### Exercise aim
The records that follow are to be given again exactly, with their pictures omitted.

### Information given
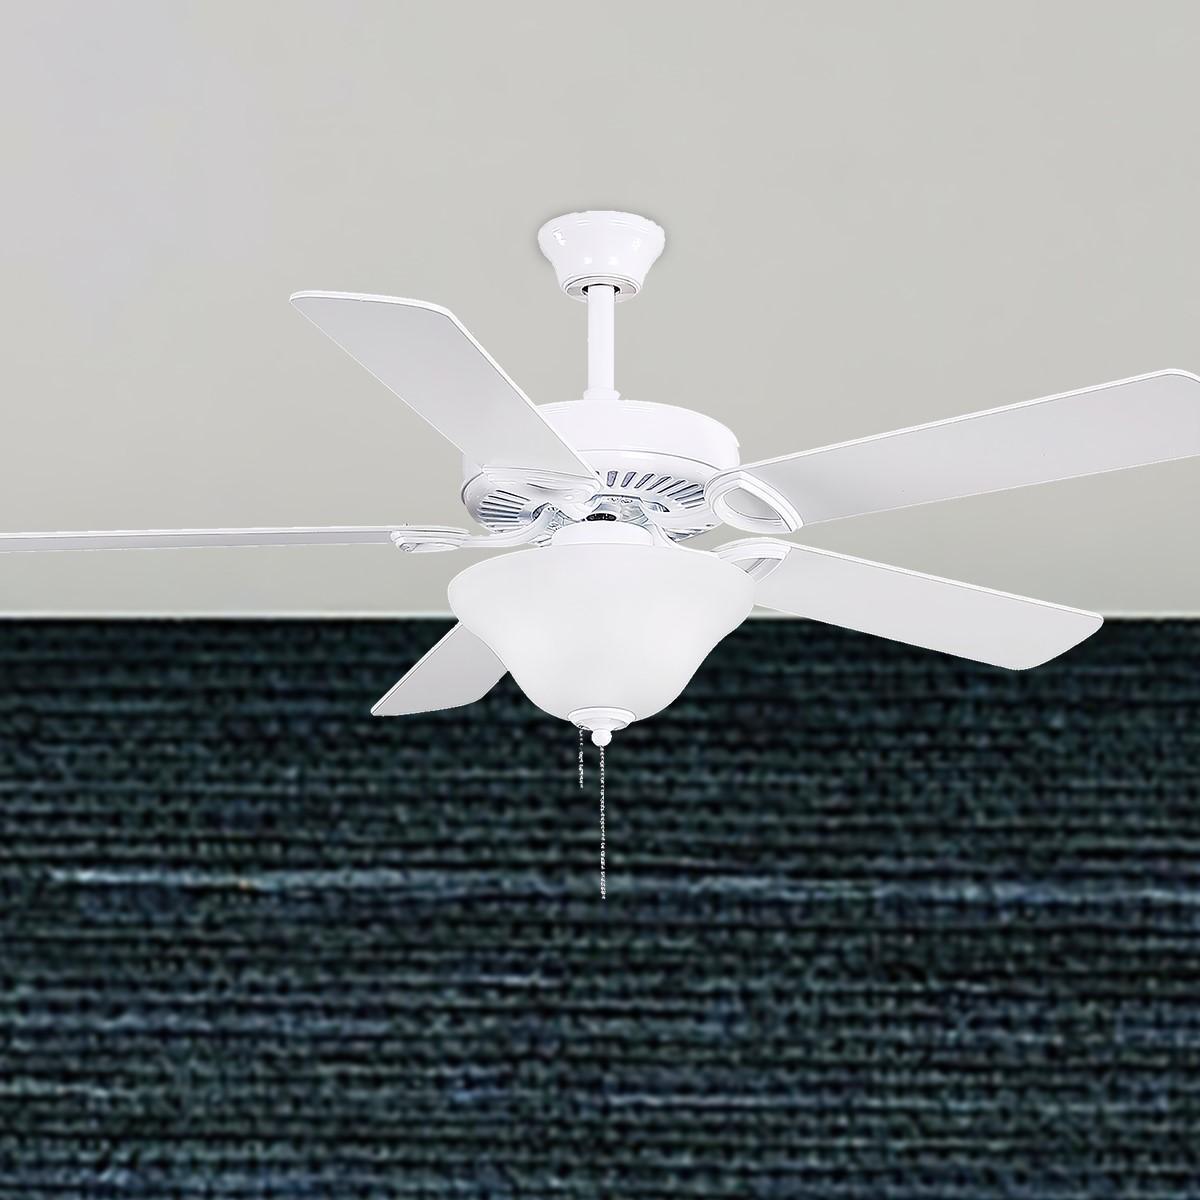 America USA 52 Inch 5 Blades Ceiling Fan With Light And Pull Chain, Gloss White Finish
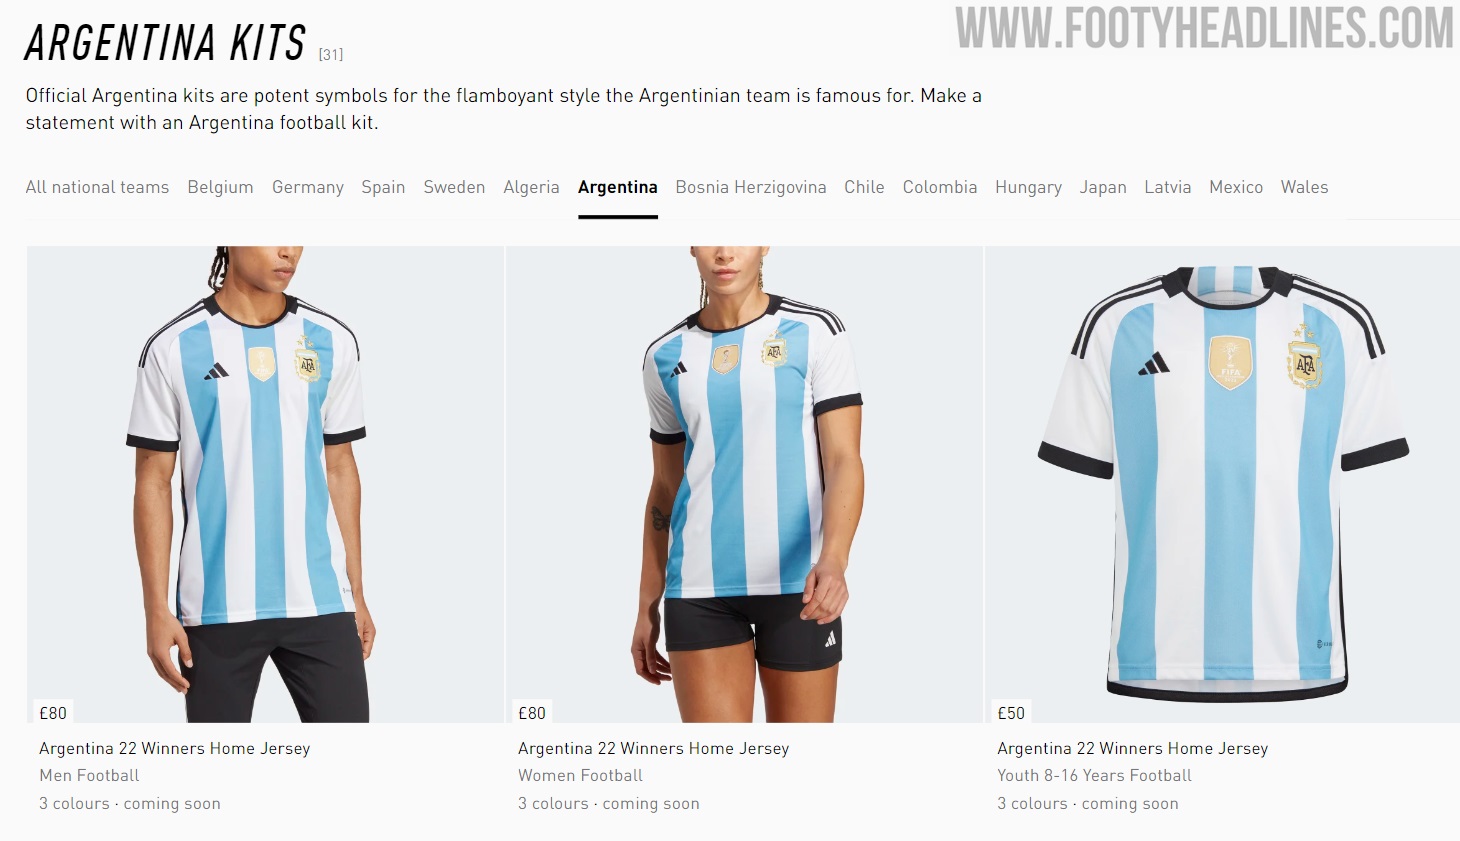 Adidas to Release Authentic & Away Argentina 3 Stars Kits? - Footy Headlines
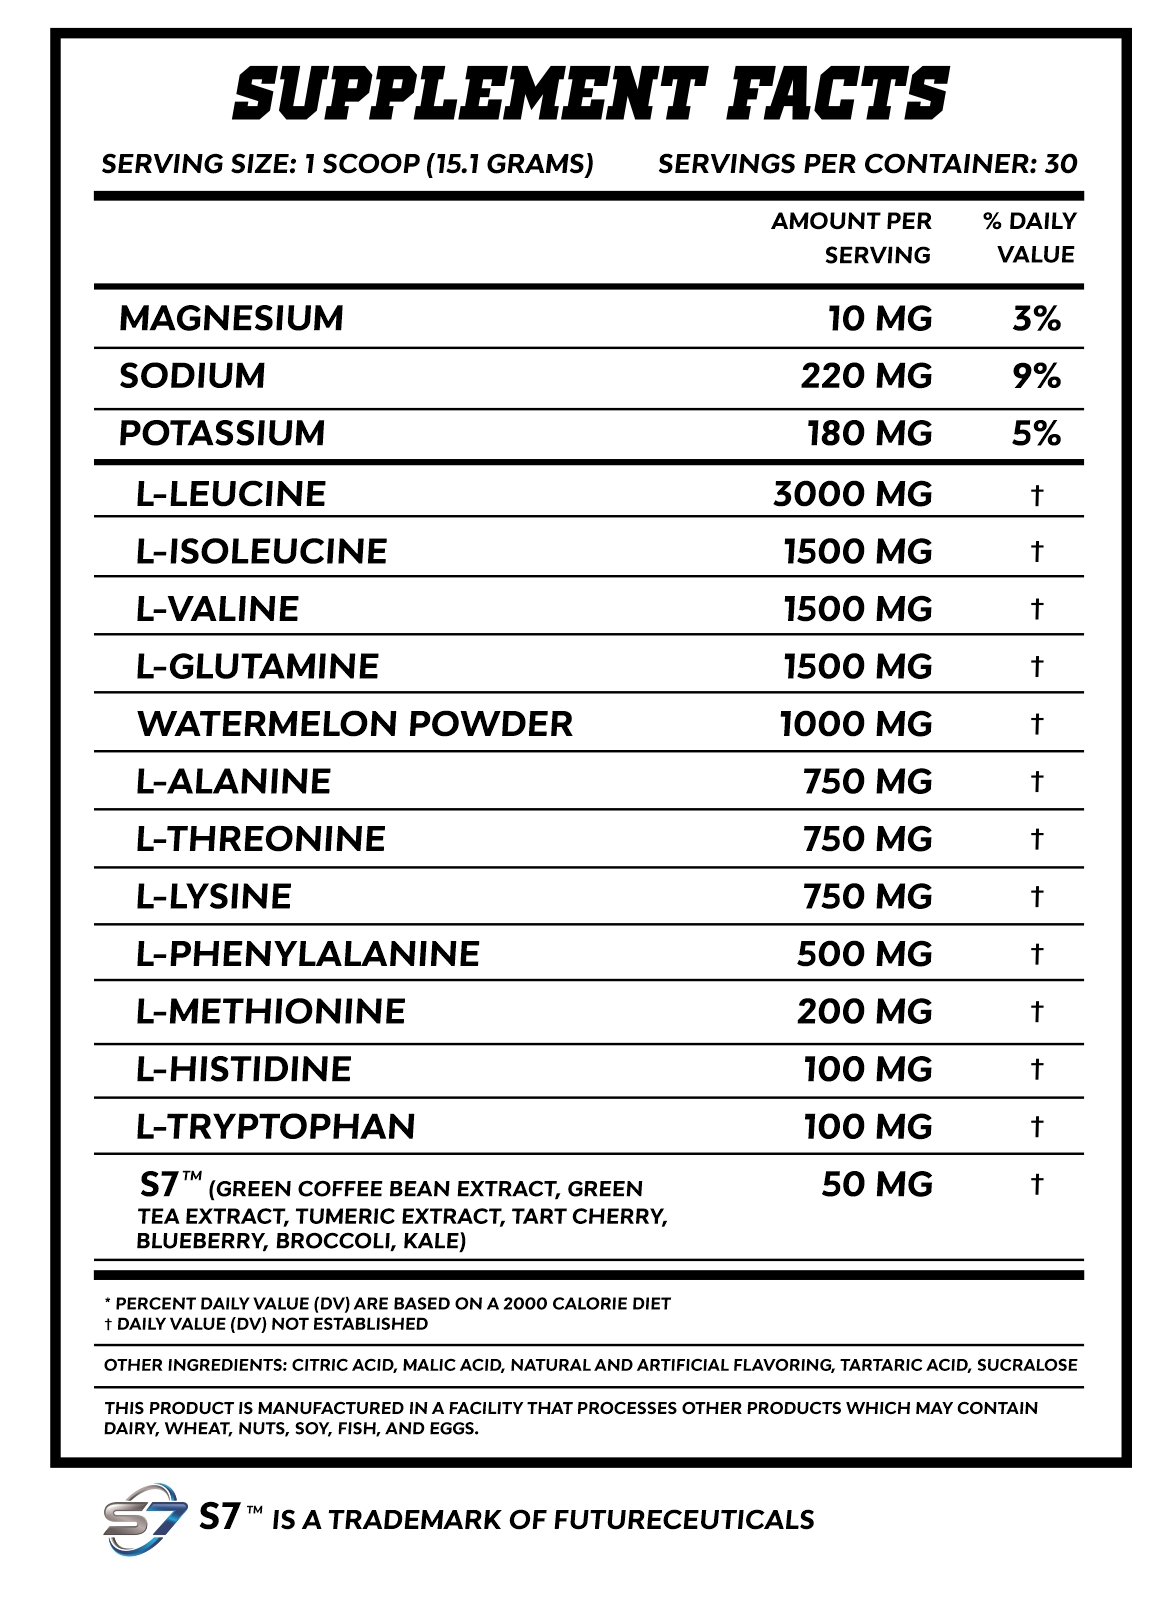 Supplement facts for a product with ingredients like magnesium, L-Leucine, watermelon powder, and green tea extract. Made in a facility processing dairy and nuts.
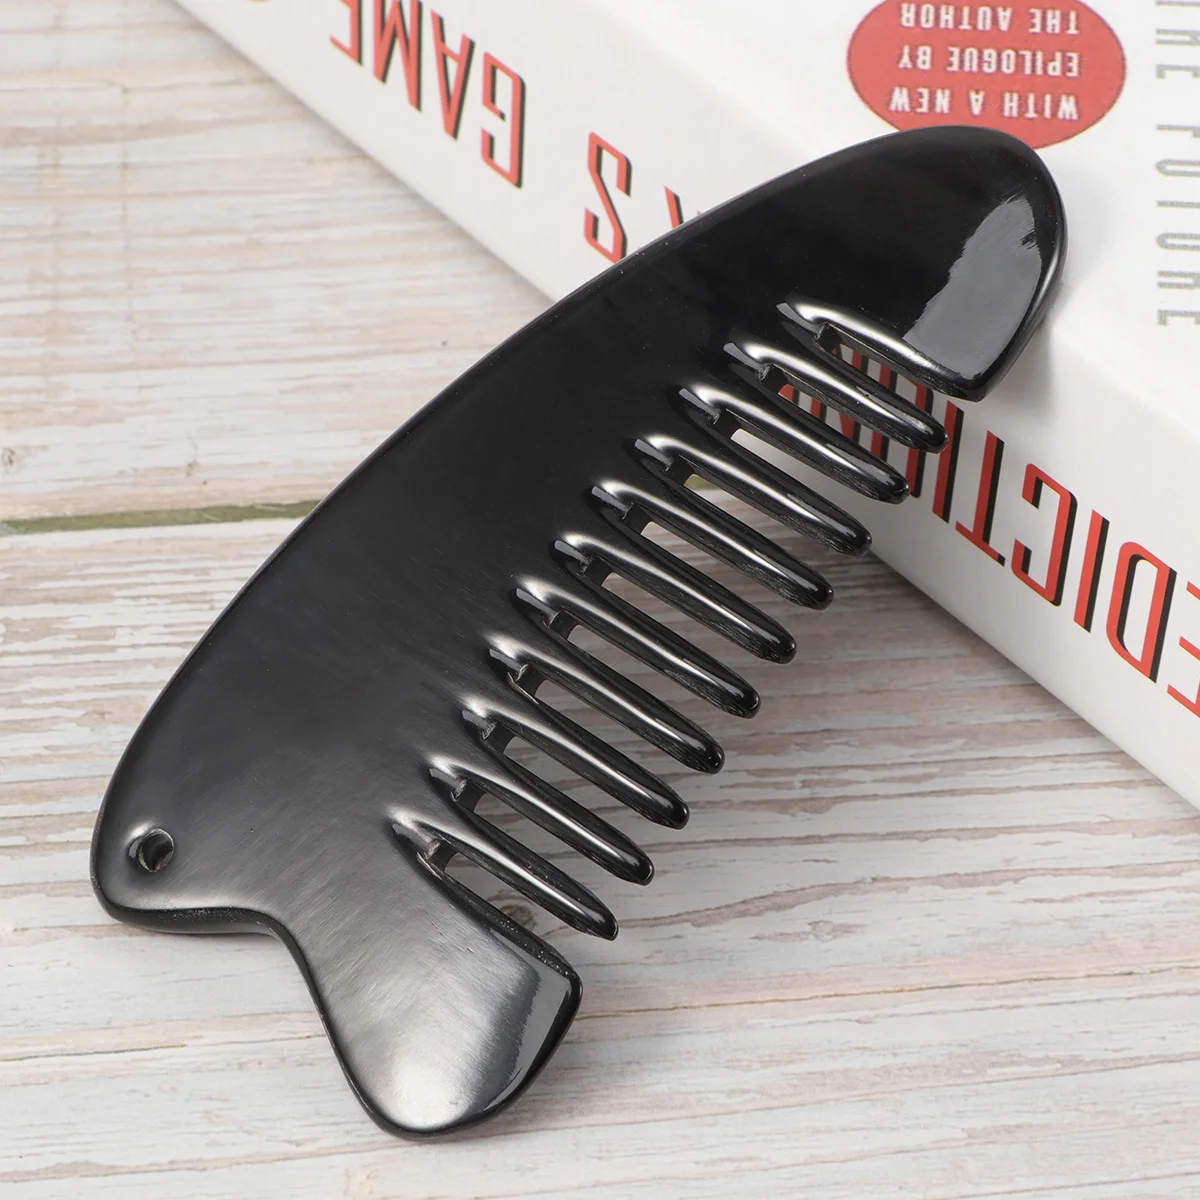 

Tool Board Scrapingcomb Tools Trigger Stone Point Scraper Hair Body Facial Face Chinese Traditional Massaging Jade Horn Ox Combs
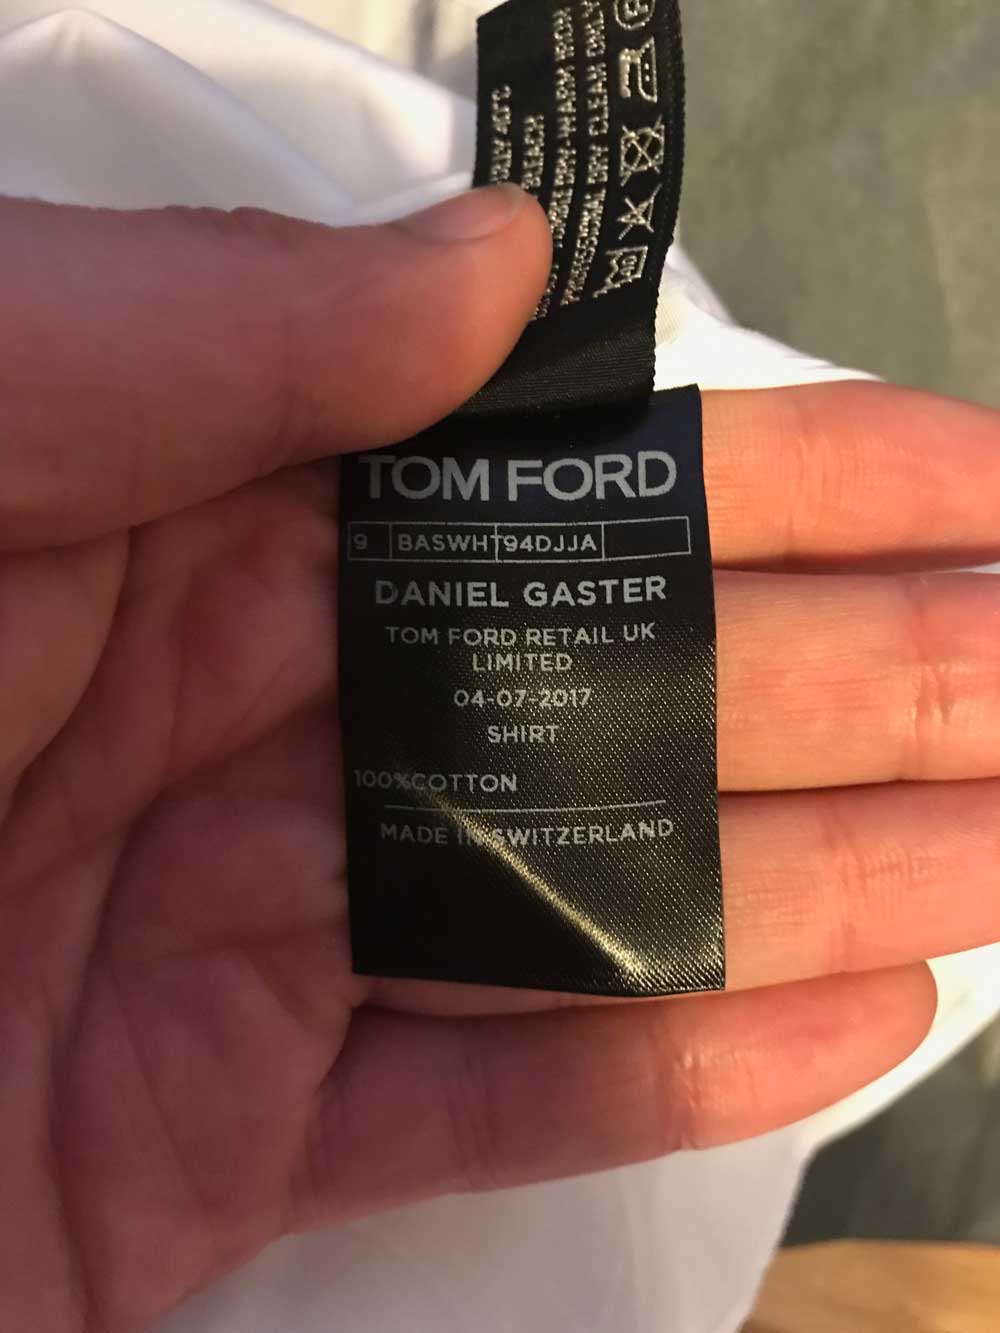 Spectre - TOM FORD Made to Measure Shirt - Review

### Your solution
 America USA 52 Inch 5 Blades Ceiling Fan With Light And Pull Chain, Gloss White Finish
 Adidas to Release Authentic & Away Argentina 3 Stars Kits? - Footy Headlines
 Supplement facts for a product with ingredients like magnesium, L-Leucine, watermelon powder, and green tea extract. Made in a facility processing dairy and nuts.

Tool Board Scrapingcomb Tools Trigger Stone Point Scraper Hair Body Facial Face Chinese Traditional Massaging Jade Horn Ox Combs
 Spectre - TOM FORD Made to Measure Shirt - Review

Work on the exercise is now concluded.